== Task to carry out ==
In the material below, the lines between the one holding "BERLE, Self Sizer" and the one holding "Oude Heerlenerweg 18, Sittard", inclusive, are to be set down word for word. Pictures stay out.

== Record excerpts ==
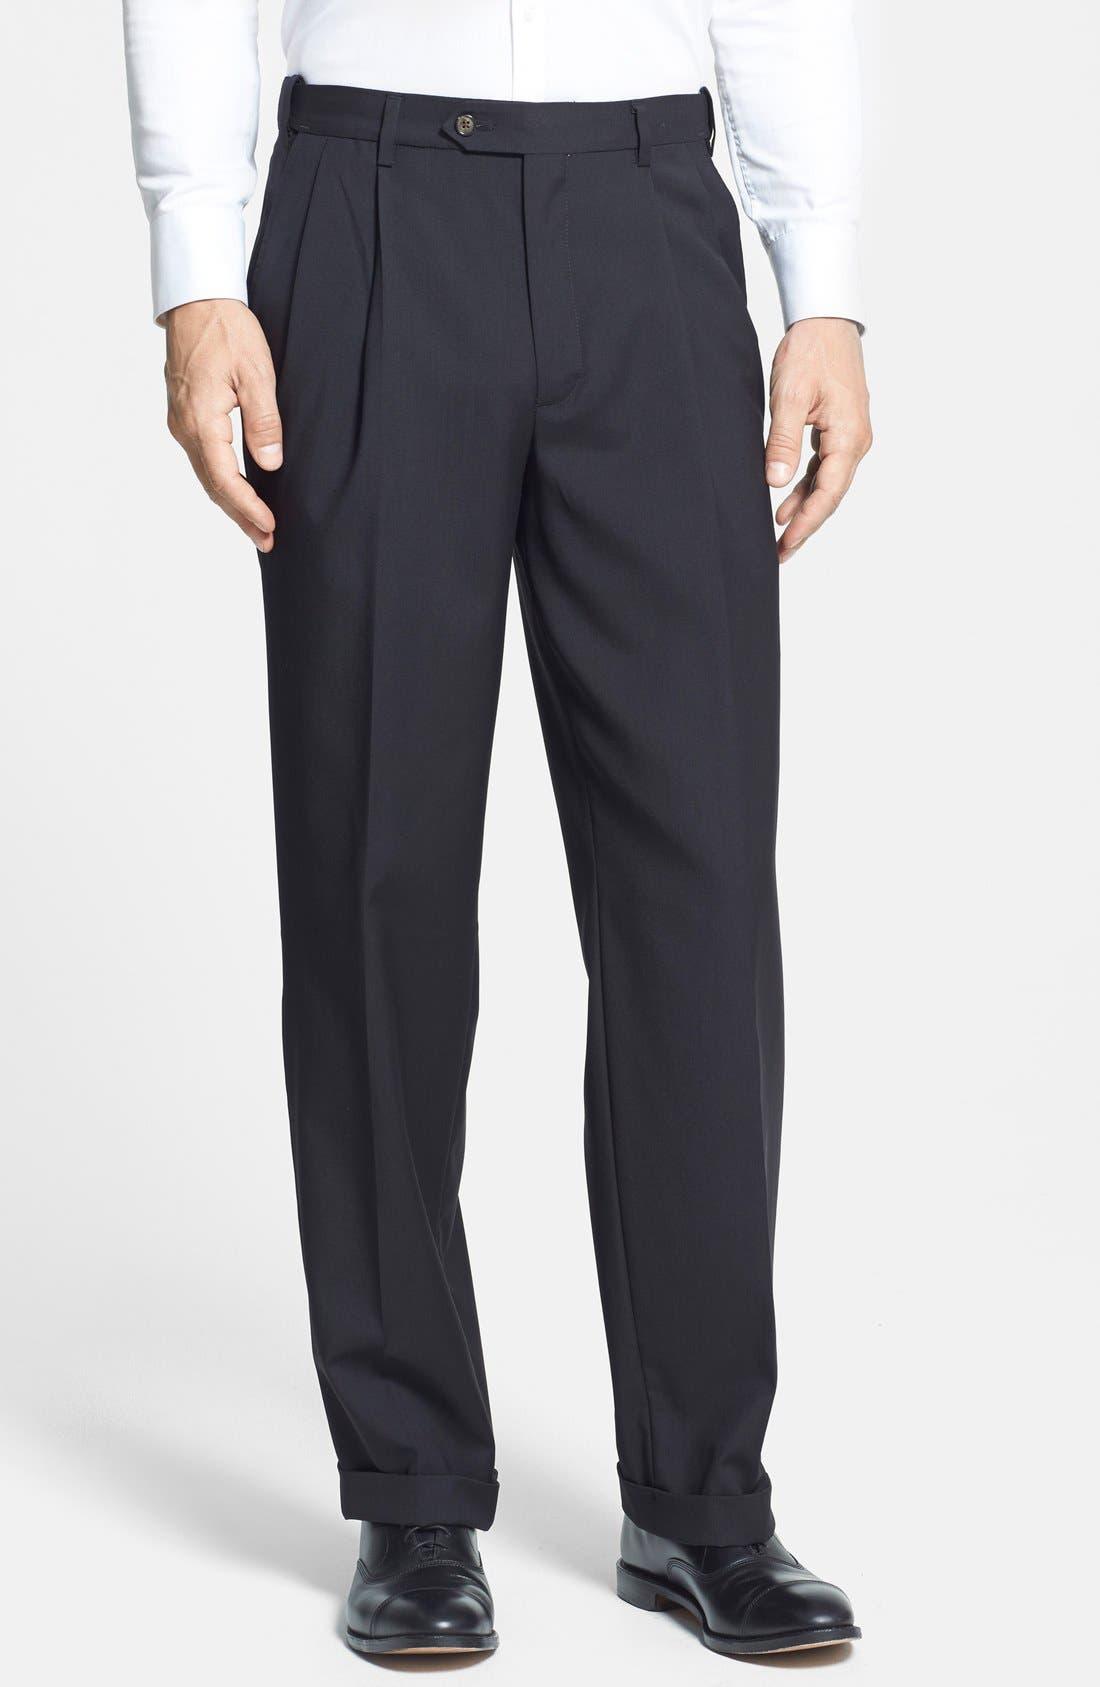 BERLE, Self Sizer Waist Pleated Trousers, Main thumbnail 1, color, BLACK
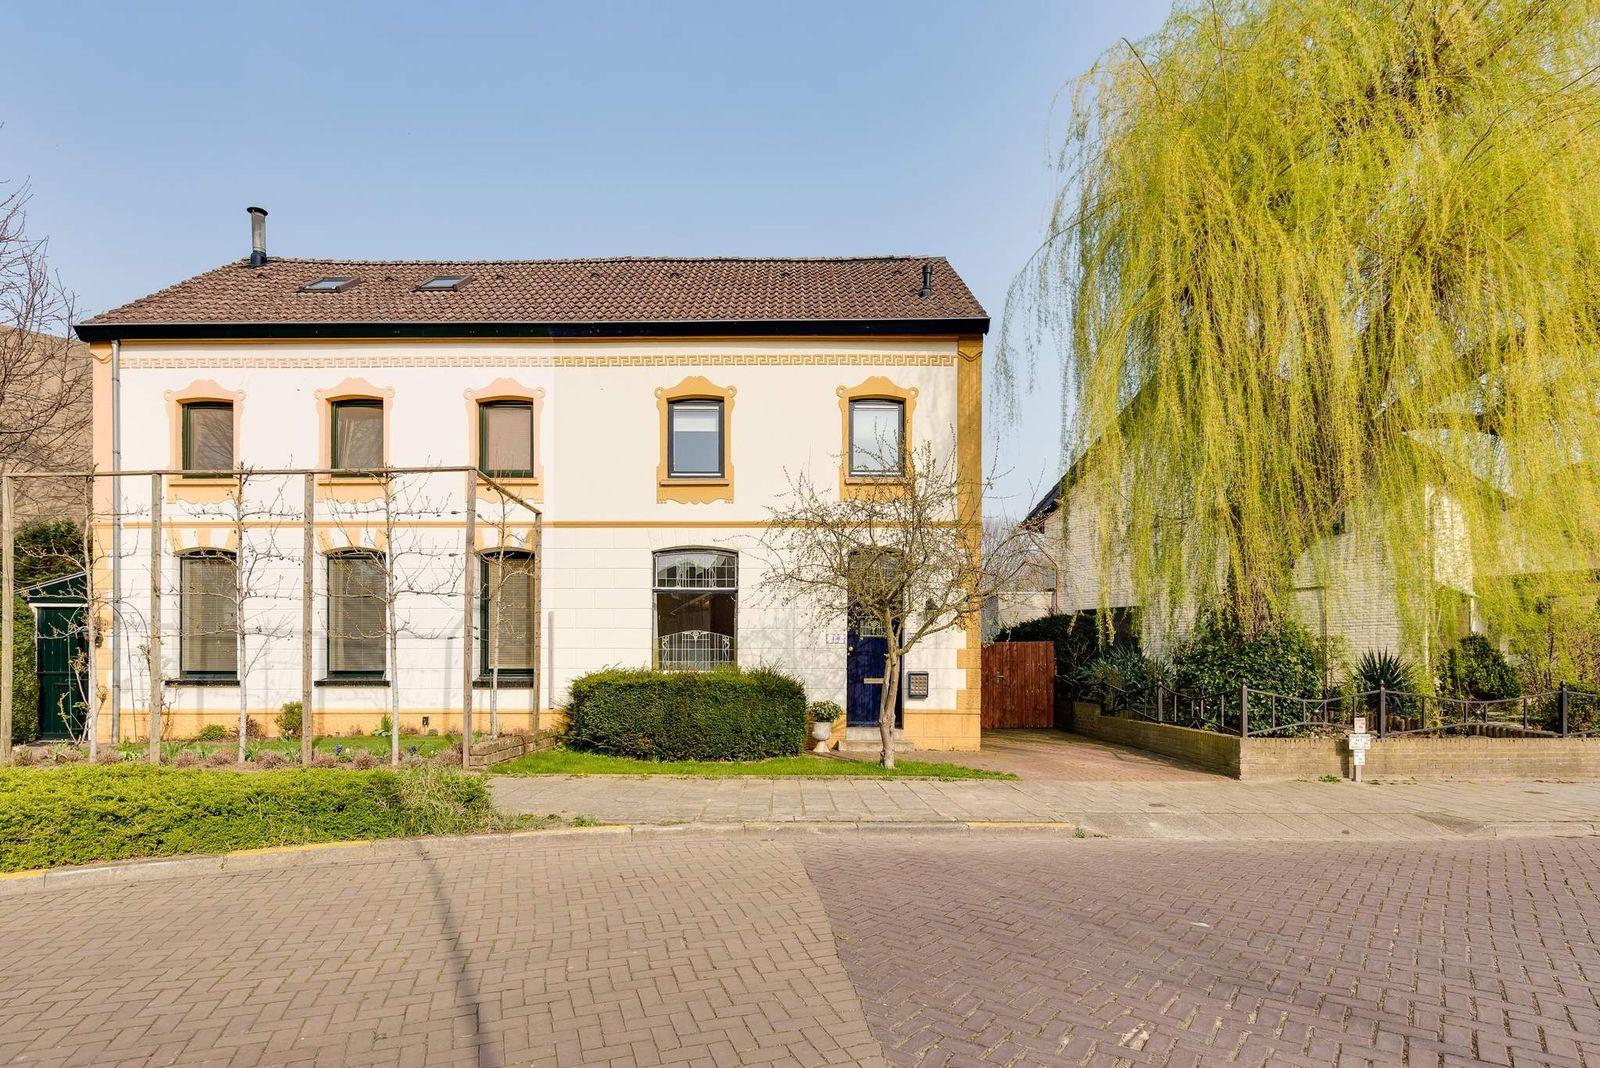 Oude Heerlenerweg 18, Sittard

==

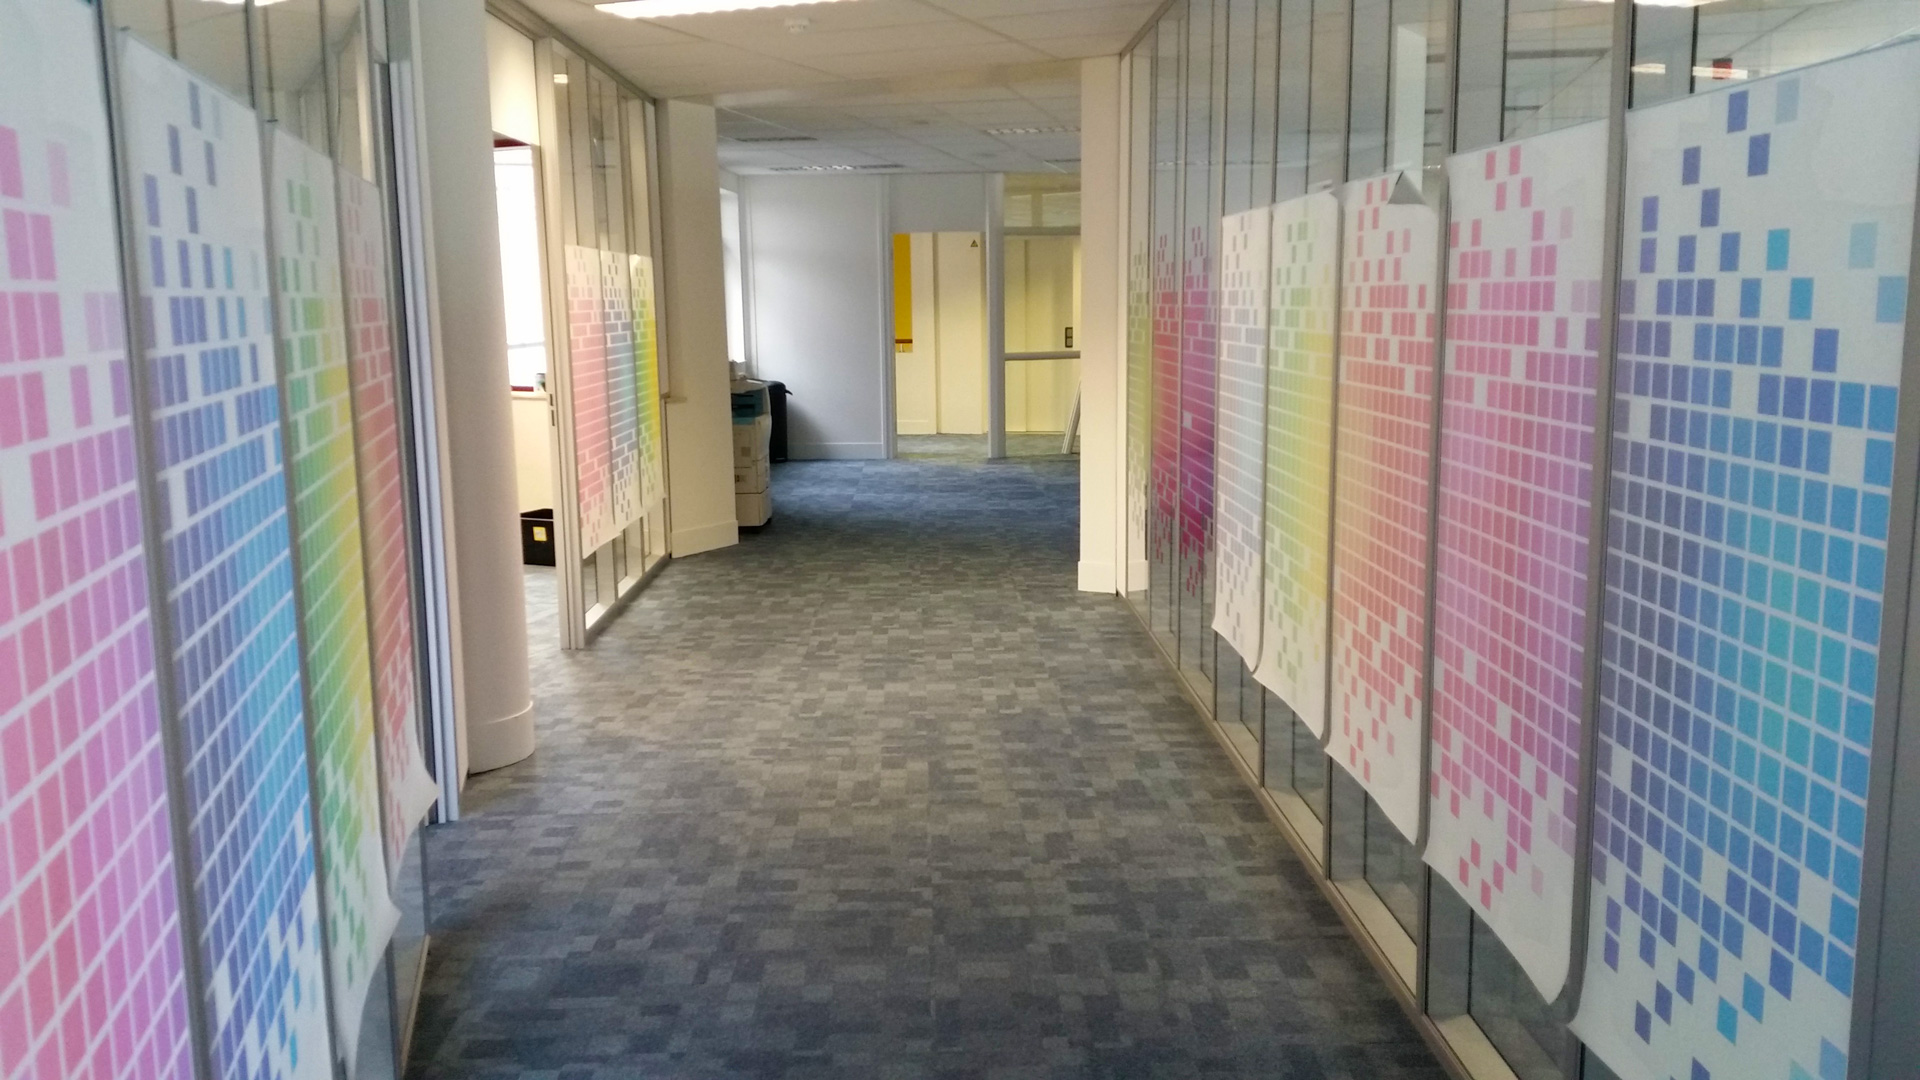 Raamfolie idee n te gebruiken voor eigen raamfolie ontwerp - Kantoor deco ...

---

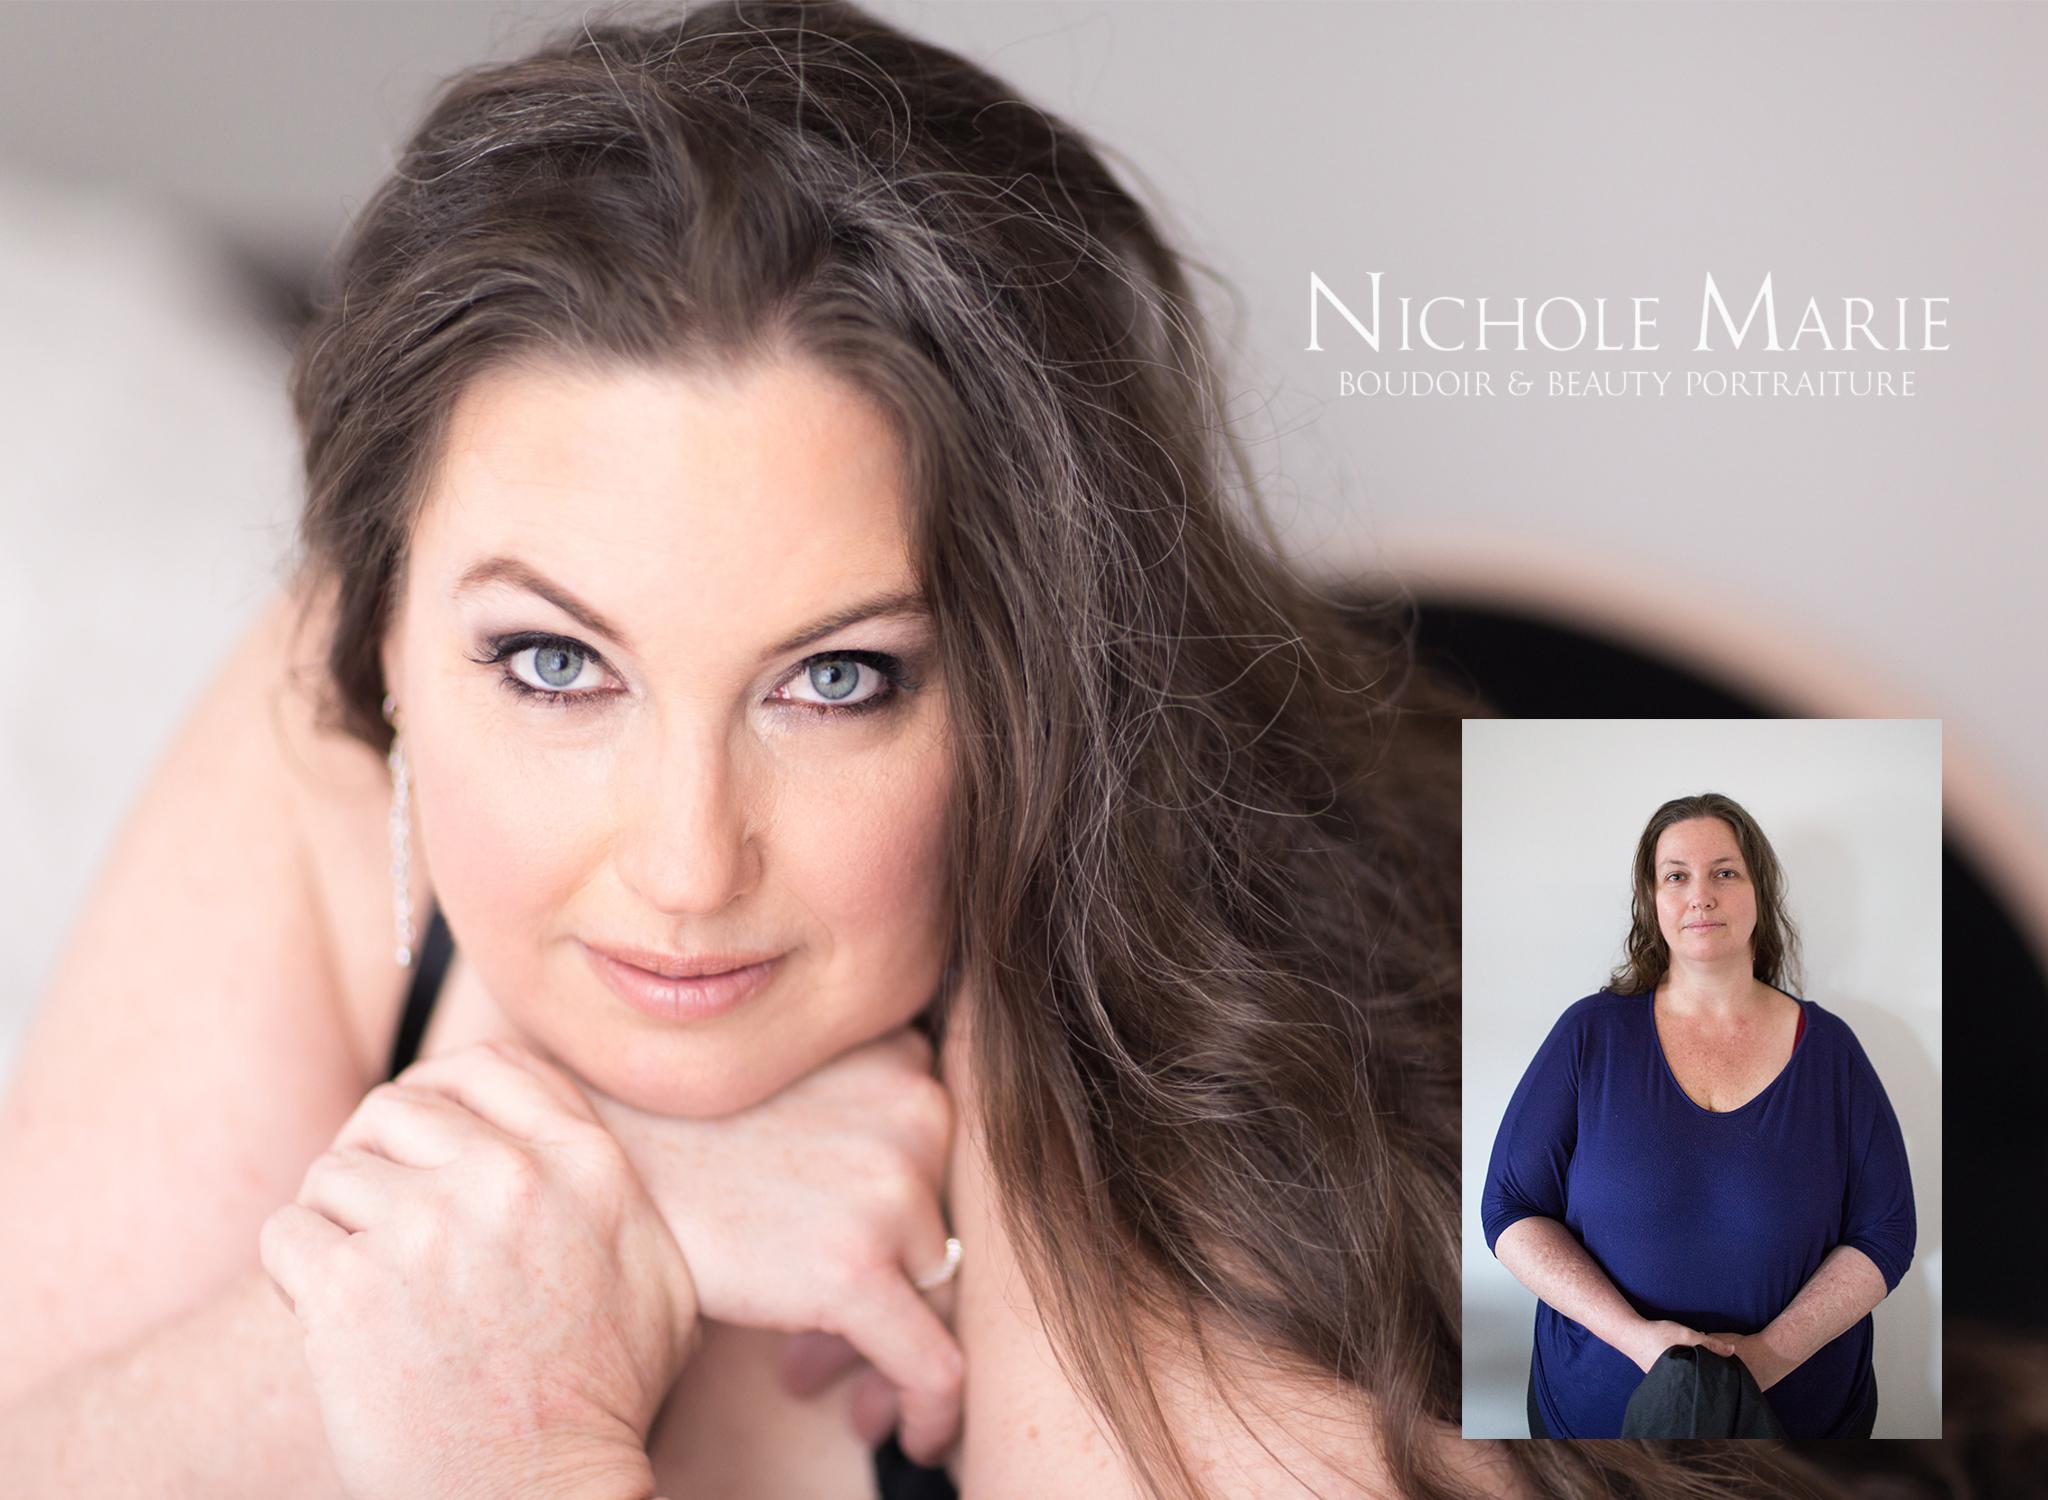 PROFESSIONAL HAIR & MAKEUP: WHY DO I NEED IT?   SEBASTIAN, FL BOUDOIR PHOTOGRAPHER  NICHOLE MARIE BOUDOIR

== Answer box ==
 BERLE, Self Sizer Waist Pleated Trousers, Main thumbnail 1, color, BLACK
 Oude Heerlenerweg 18, Sittard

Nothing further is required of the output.